## Work instructions
Exact transcription, pictures omitted: reproduce the listing below.

## Input data
BEGIN

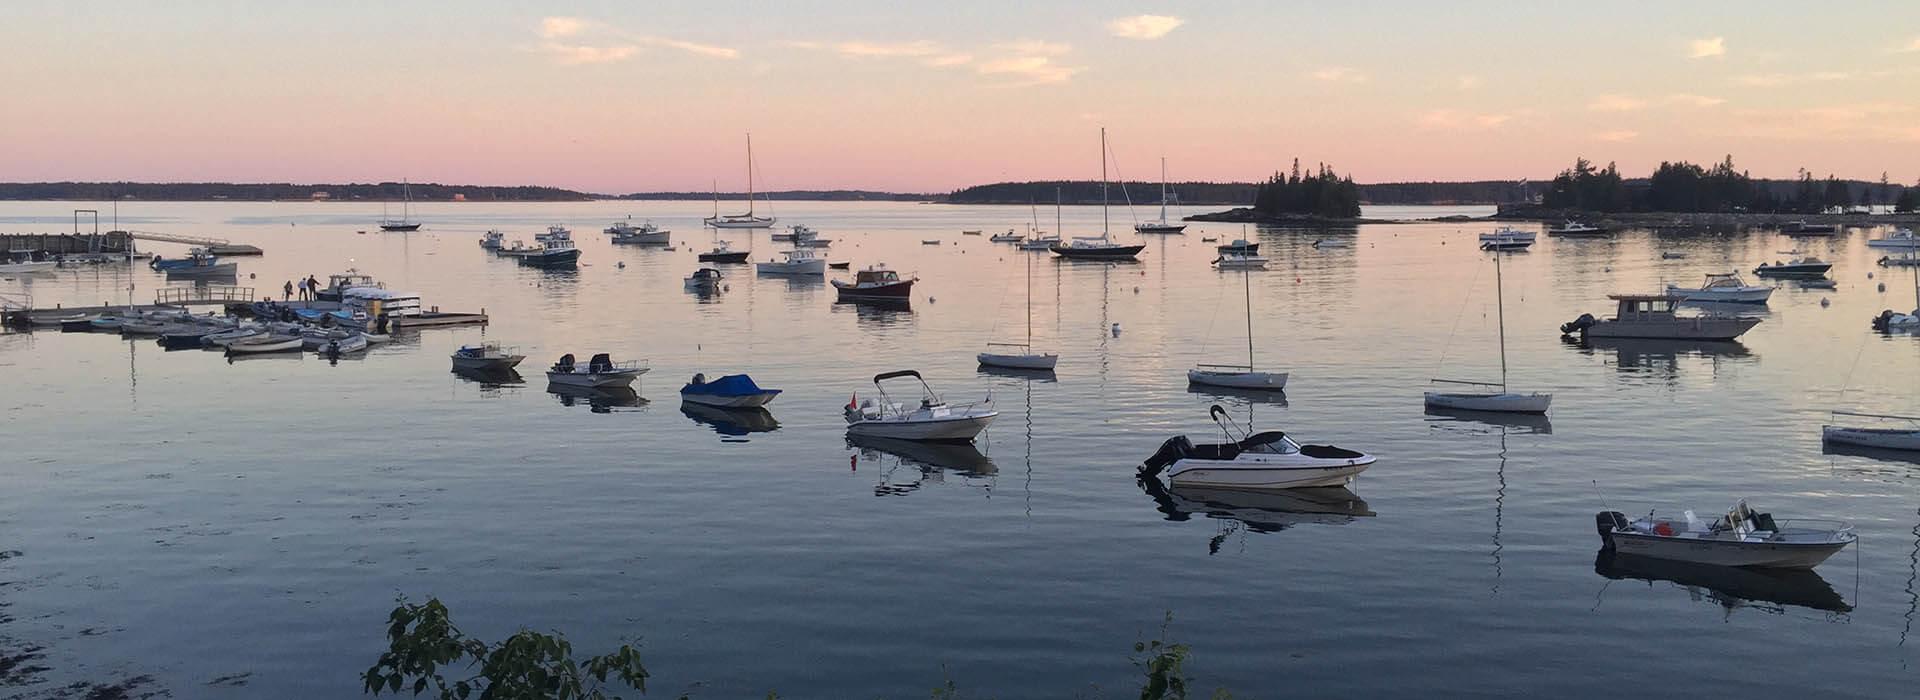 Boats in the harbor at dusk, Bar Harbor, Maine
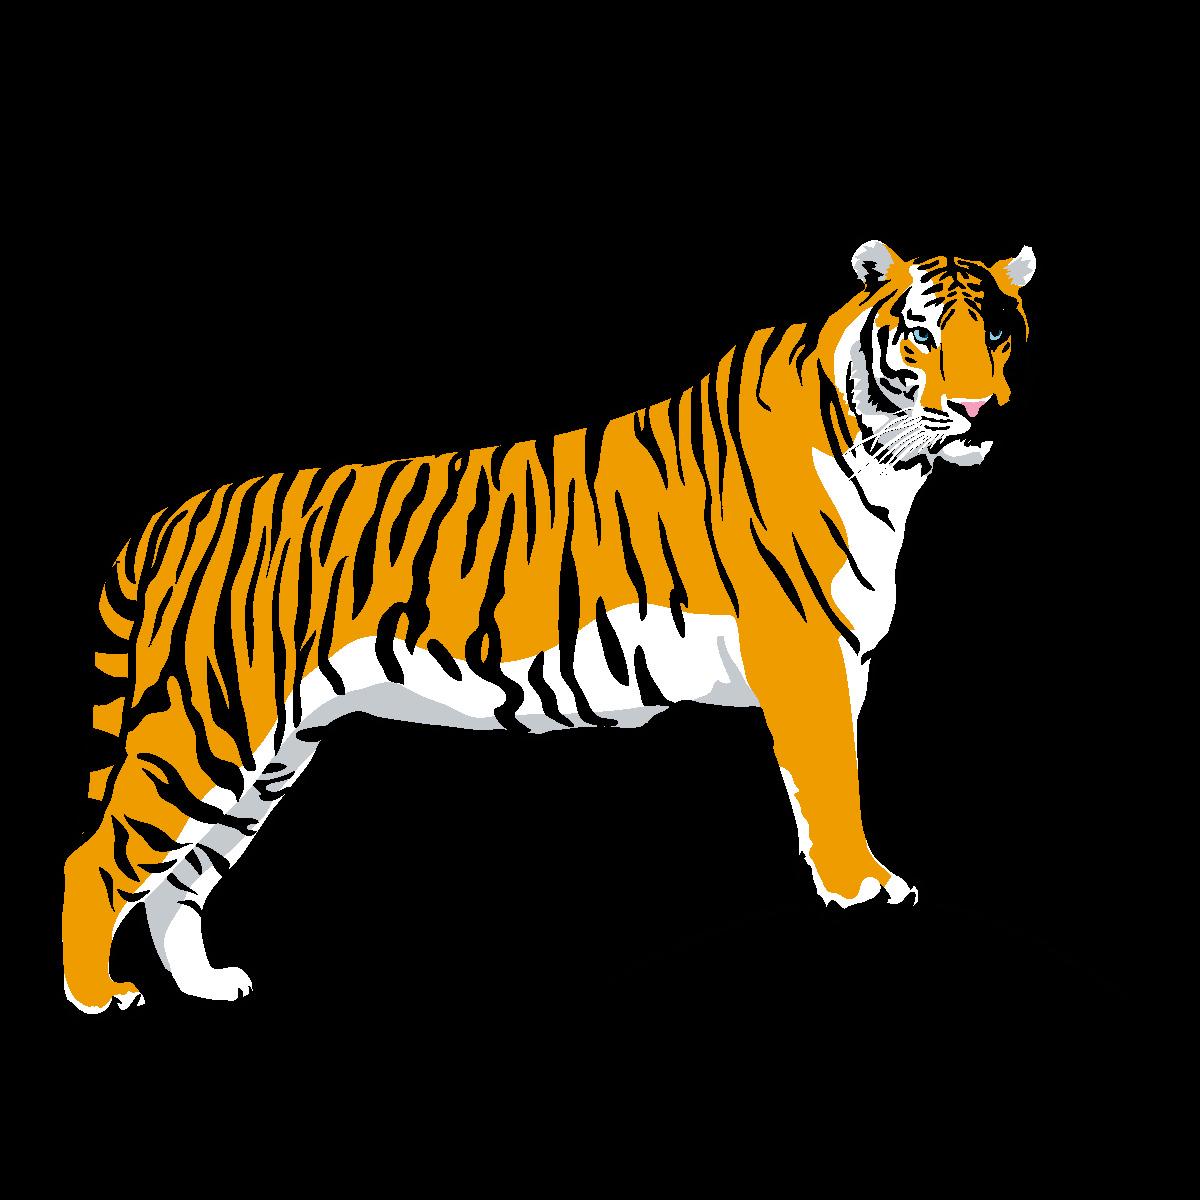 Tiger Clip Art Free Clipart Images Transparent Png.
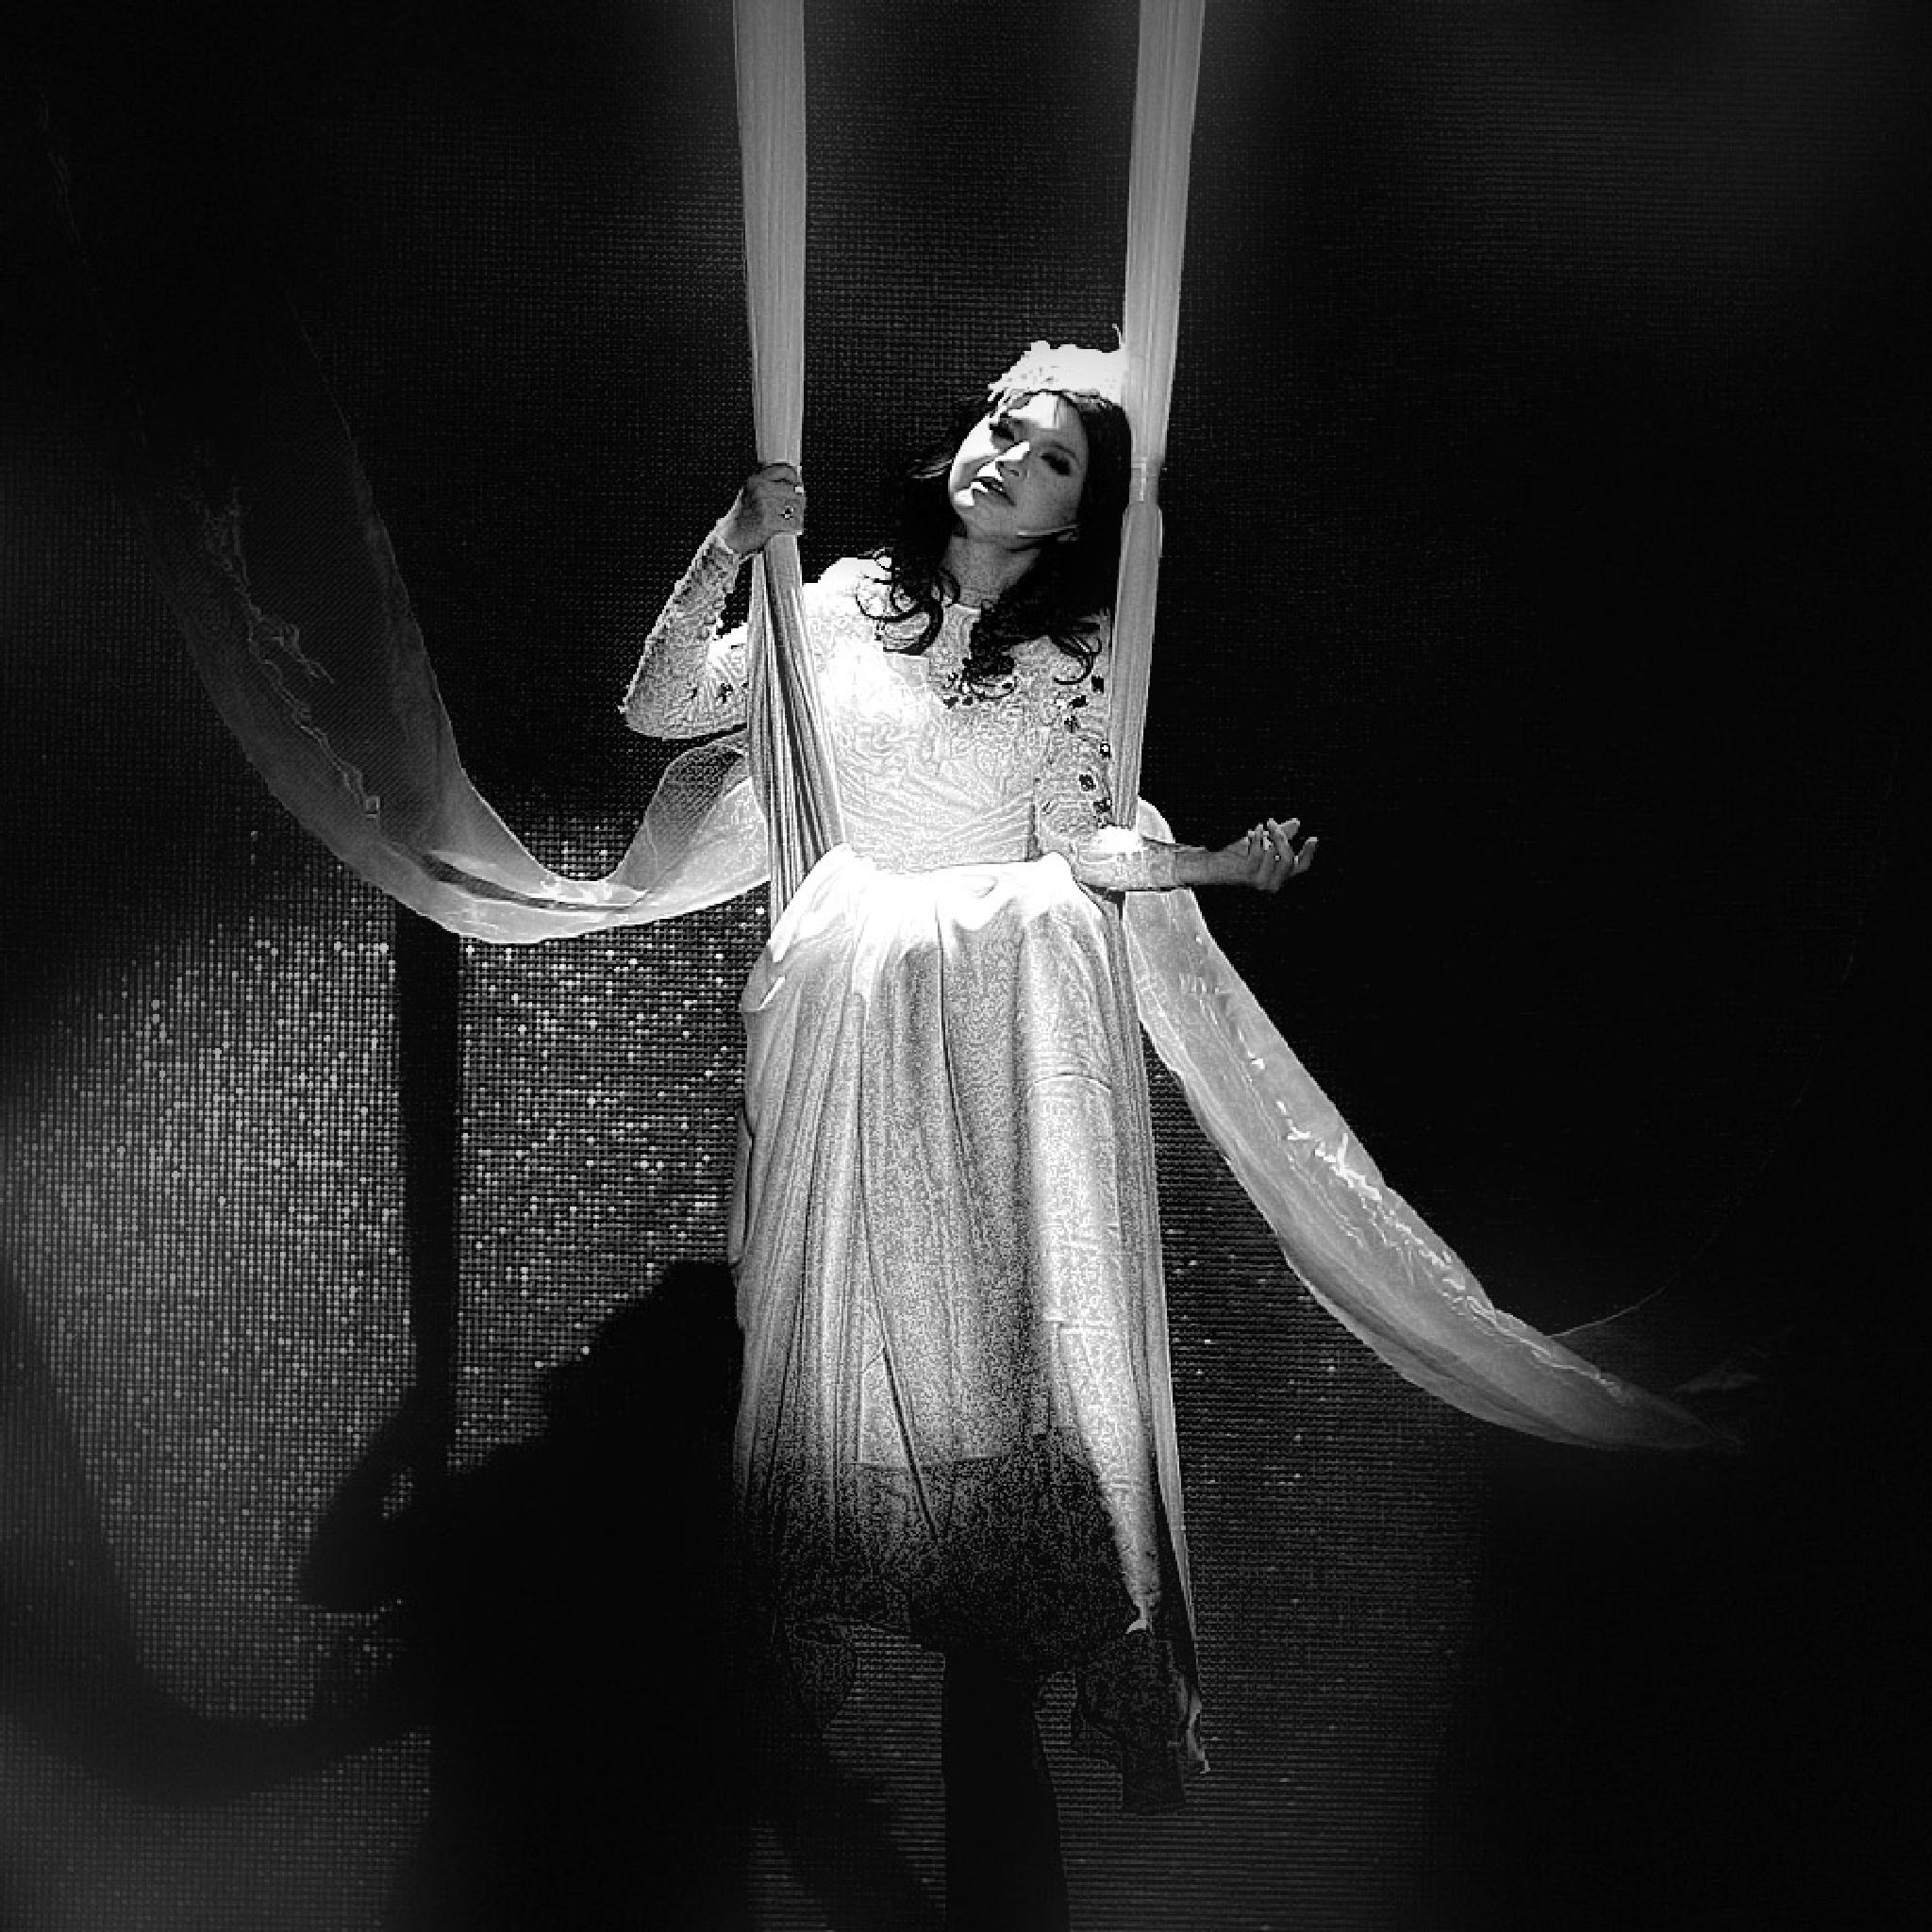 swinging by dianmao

END

## Reply to the exercise
 Boats in the harbor at dusk, Bar Harbor, Maine
 Tiger Clip Art Free Clipart Images Transparent Png.
 swinging by dianmao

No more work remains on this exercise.